# Tell me what block signaling and control you are using...



## MichaelE (Mar 7, 2018)

I would like to have semi-prototypical semaphore signaling on my new railroad. 

I have been looking at Viessmann signals and controls, but even with the hookup diagrams in English it is not quite 'clicking' with me.

I just want the semaphone lights and arm to change after the train enters a pre-defined block, and then revert to the prior signal after the train has cleared the occupied block.

Does Viessmann use optical detectors, current draw detectors, or some other means to detect when train movements occur?

None of this stuff had been thought of when I was model railroading in the past so this is all very new (and exciting too) to me to be able to somehow make this work.

I have been reading about LCC, but the explanation, while I understand the principles involved, did not explain any specifics nor anything concrete.

Is Viessmann such an LCC system? 

Is there anyone here using Viessmann signaling or something similar to run block detection signals or semaphores on their layout?


----------



## JerryH (Nov 18, 2012)

I use Traincontroller software with Digitrax hardware.


----------



## gregc (Apr 25, 2015)

MichaelE said:


> I have been looking at Viessmann signals and controls, but even with the hookup diagrams in English it is not quite 'clicking' with me.
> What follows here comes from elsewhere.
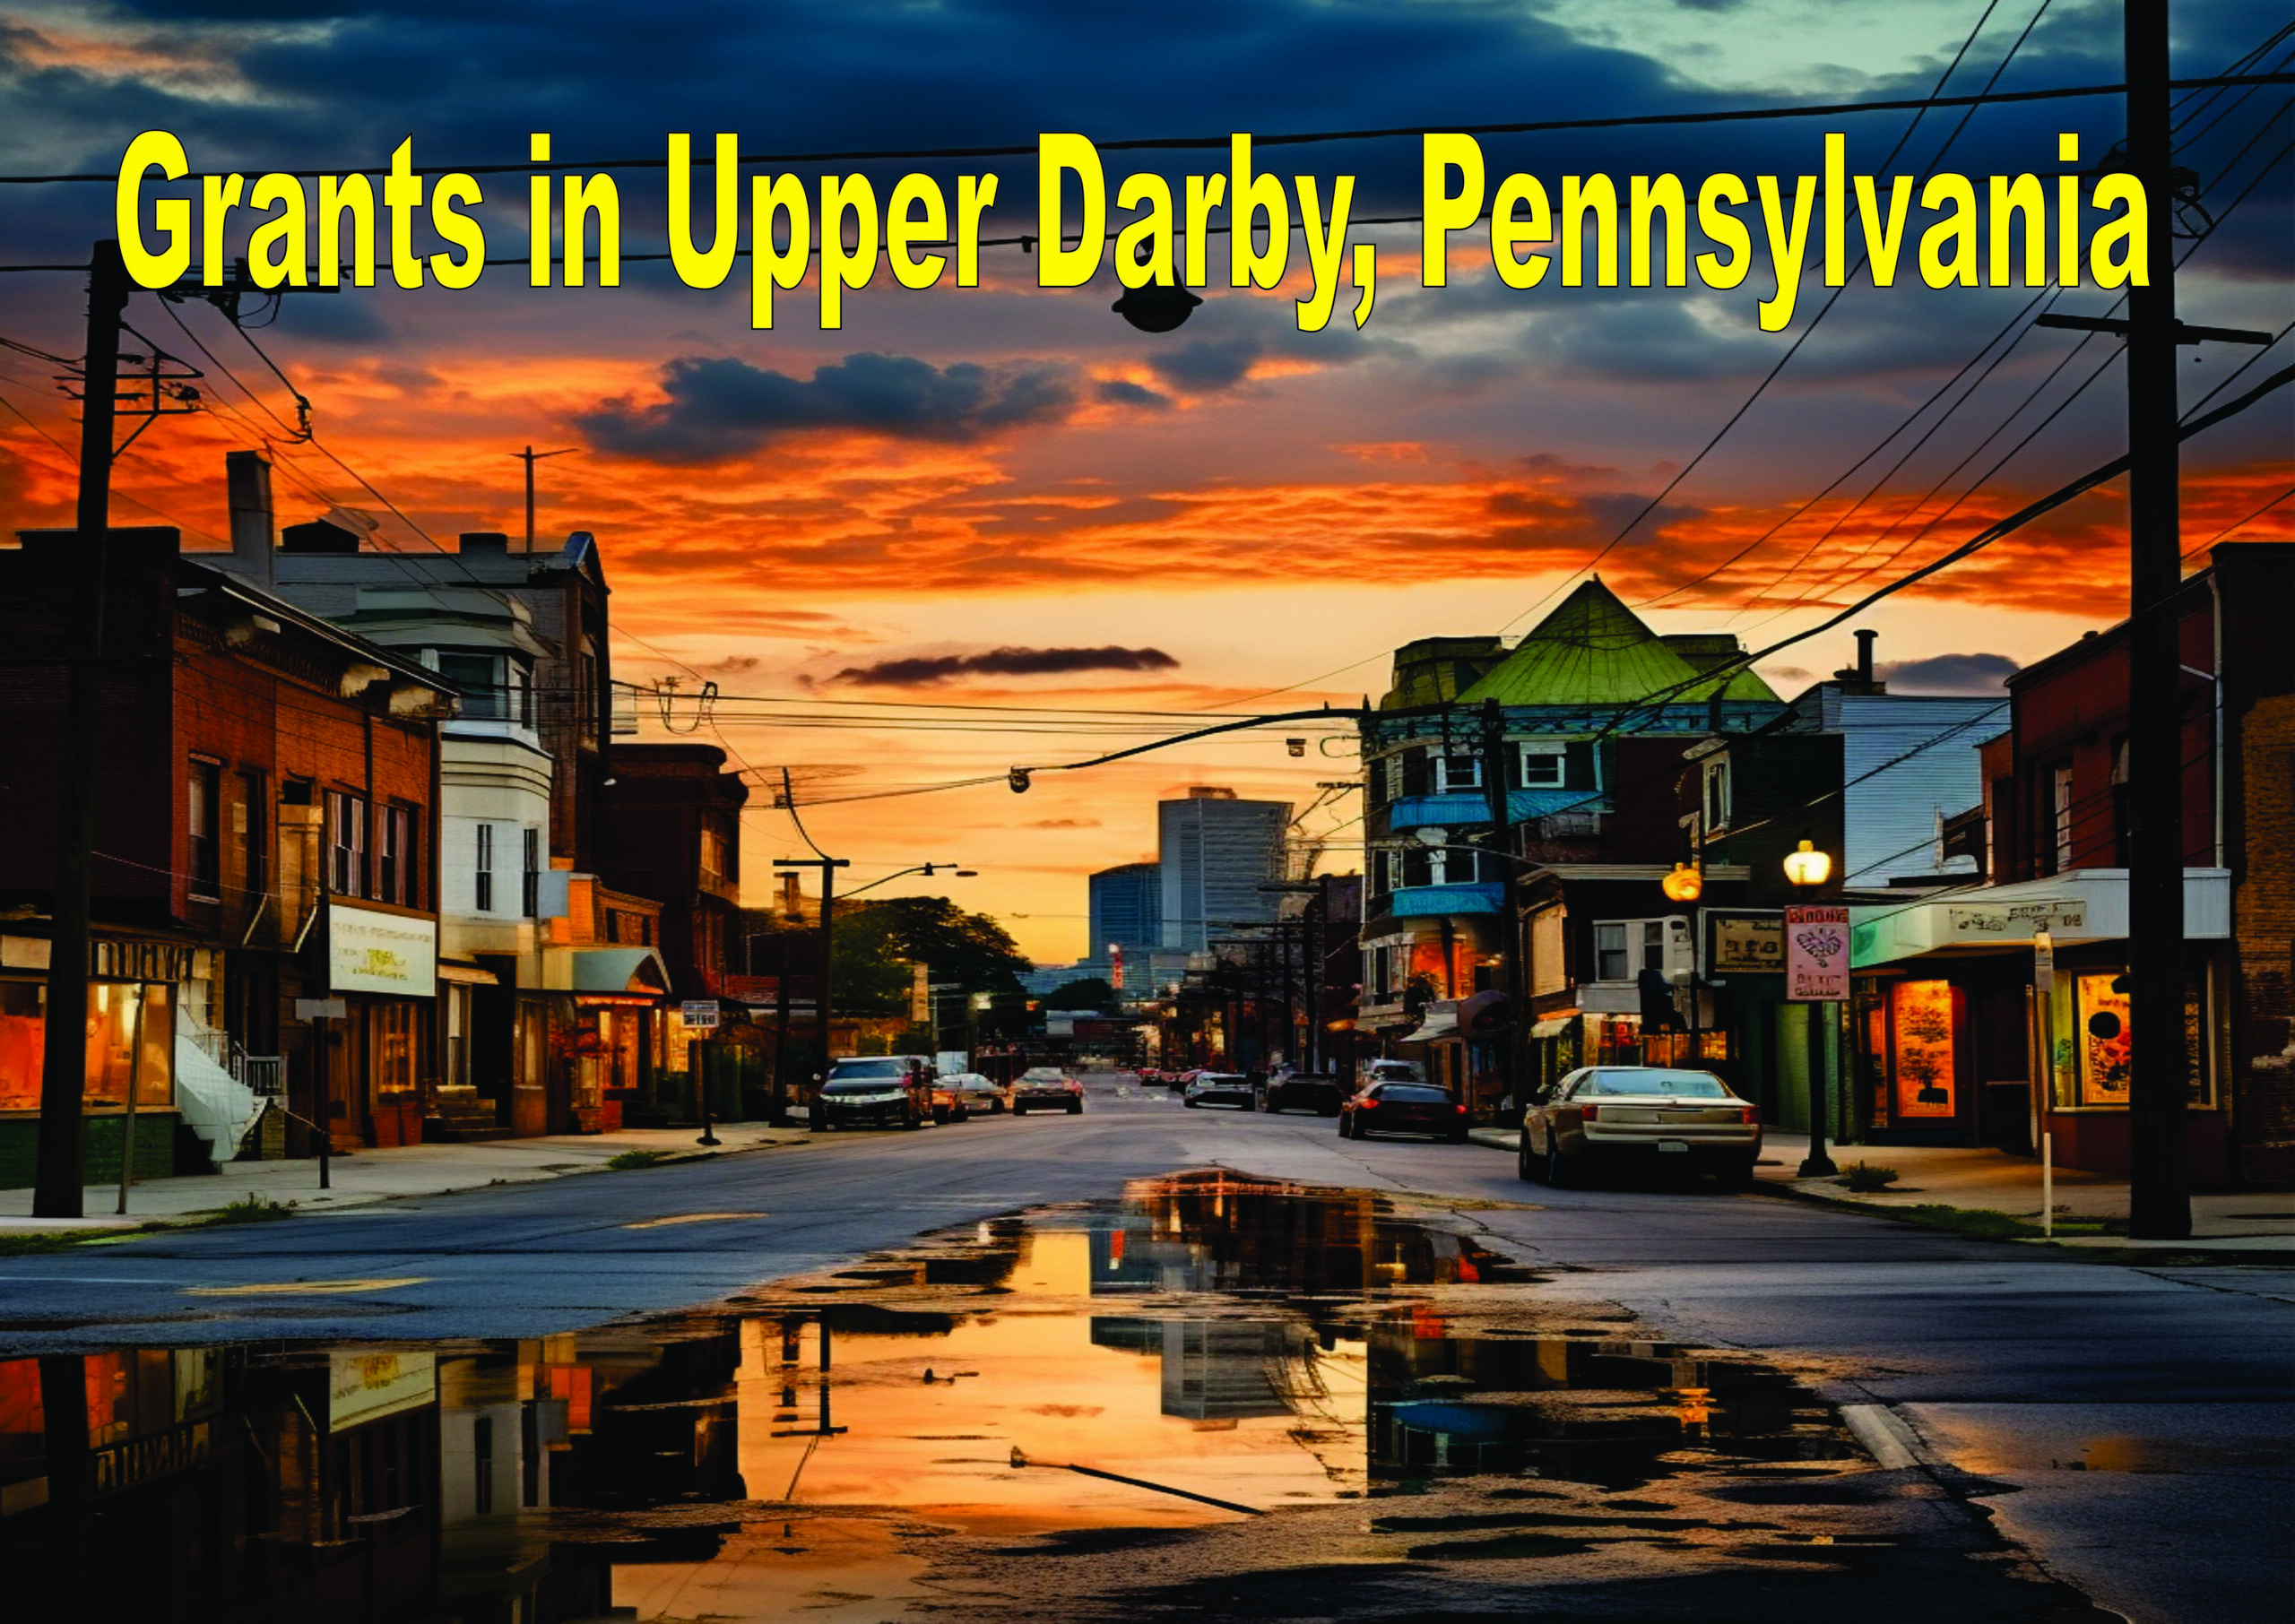 Upper Darby, Pennsylvania

can you provide a link to the signals and controls you're referring to?



MichaelE said:


> Does Viessmann use optical detectors, current draw detectors, or some other means to detect when train movements occur?
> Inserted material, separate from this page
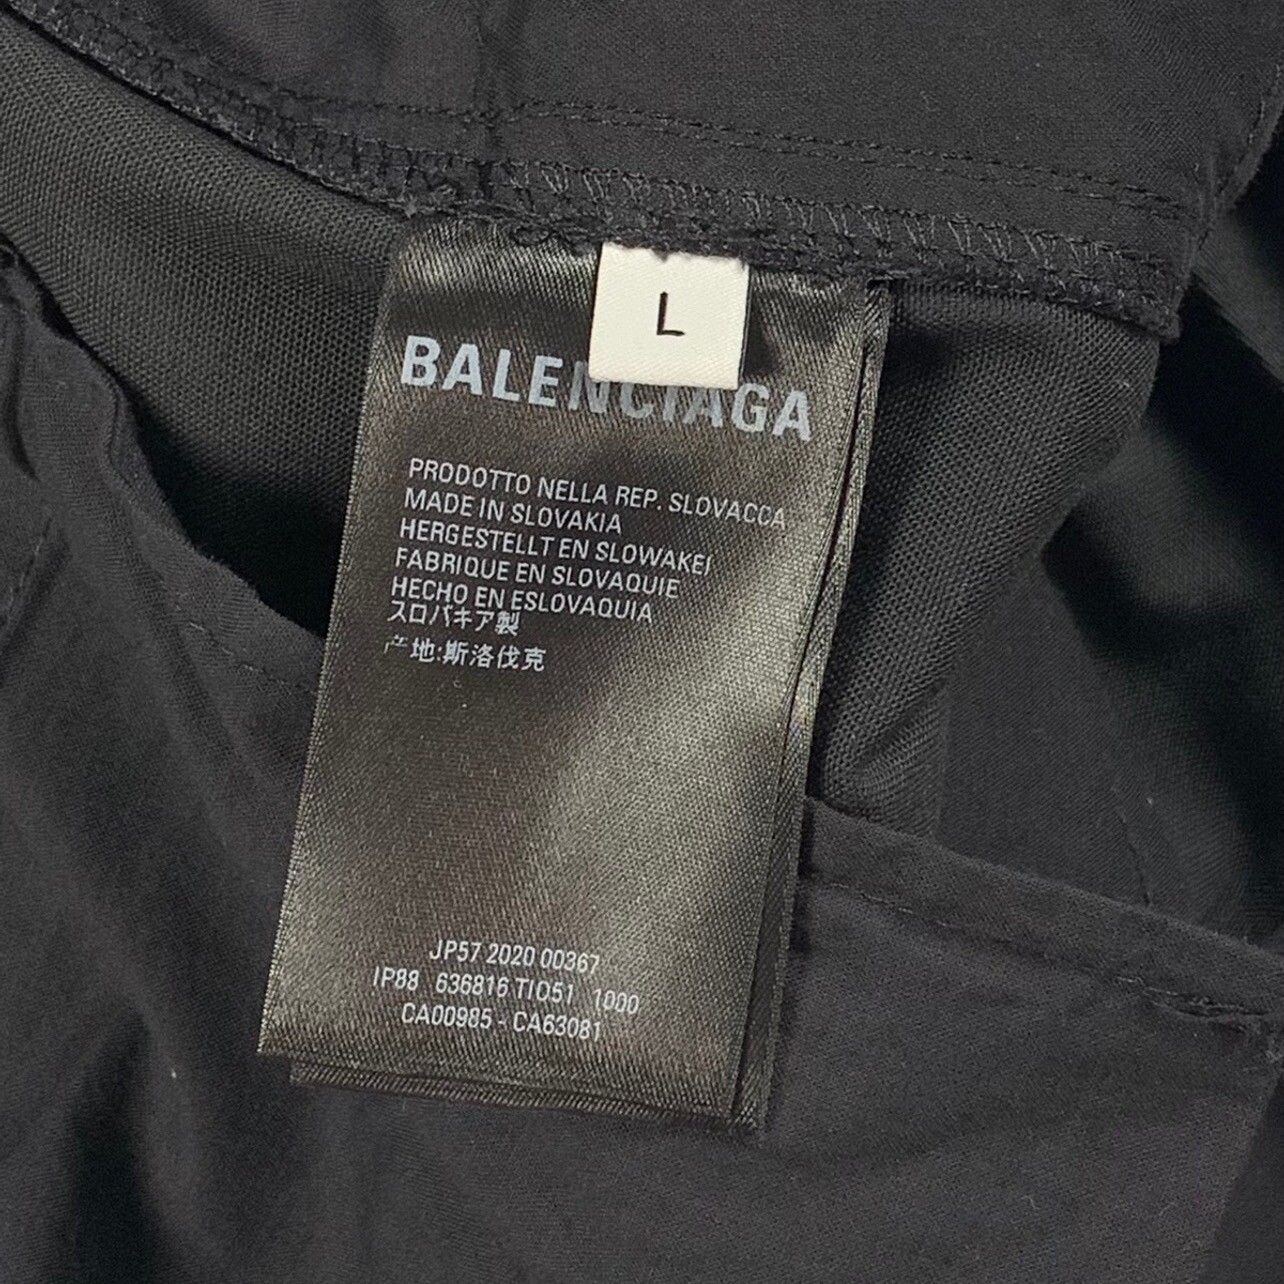 Balenciaga Balenciaga Multi-Pocket Cargo Pants Size US 34 / EU 50 - 5 Thumbnail

the operator manual for their 5221 control module suggests that they are using current detection which requires at least some freight cars with wheel resistors.



MichaelE said:


> I have been reading about LCC, but the explanation, while I understand the principles involved, did not explain any specifics nor anything concrete.
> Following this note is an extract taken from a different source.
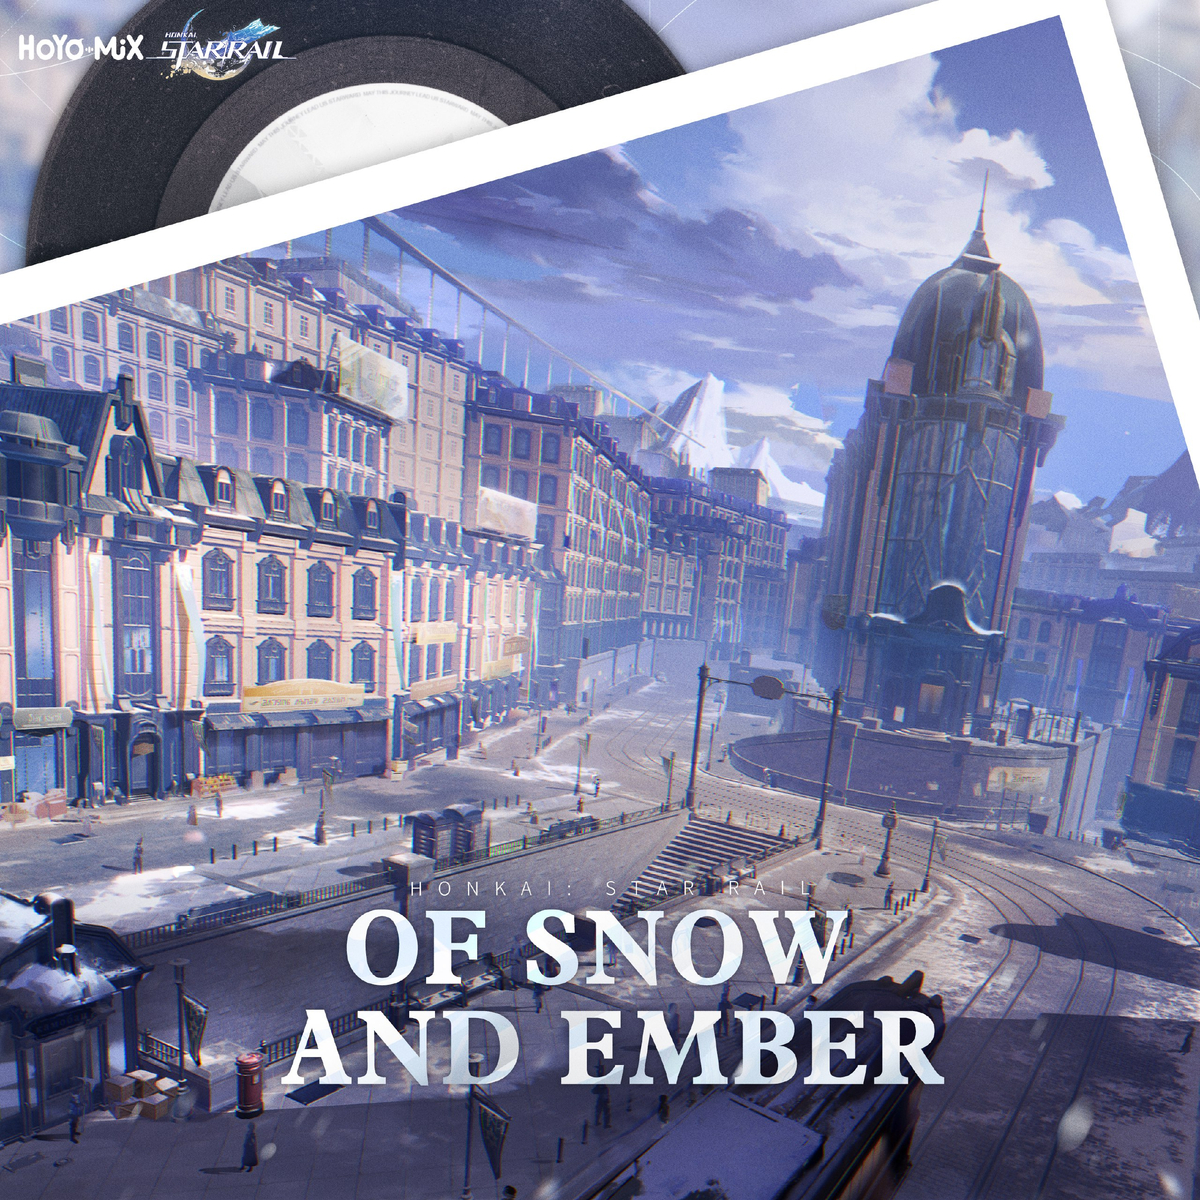 Второй альбом саудтрека Honkai: Star Rail, Of Snow and Ember, стал доступен для прослушивания

LCC is a protocol and messages for centralized (PC) control of model railroad accessories such as block occupancy detectors, signals and turnouts. It looks like the Viessmann control modules are standalone controllers


----------



## MichaelE (Mar 7, 2018)

Here are a couple of links. Some of the signals advertised include a .pdf for wiring and control modules. They don't say what they are using to detect the beginning and the end of the block.

https://www.reynaulds.com/catalog/dept_369.aspx

https://www.reynaulds.com/catalog/dept_383.aspx


----------



## gregc (Apr 25, 2015)

MichaelE said:


> They don't say what they are using to detect the beginning and the end of the block.


have you looked at the viessmann website . They list quite a few control modules see 2nd and 3rd page. Each has a operating manual. 

The one i listed before show track power routed thru the control module which suggest that they are monitoring for current thru the block. monitoring for entry/exit from the block is a more complicated.


----------



## MichaelE (Mar 7, 2018)

Thank you. I will study this awhile.


----------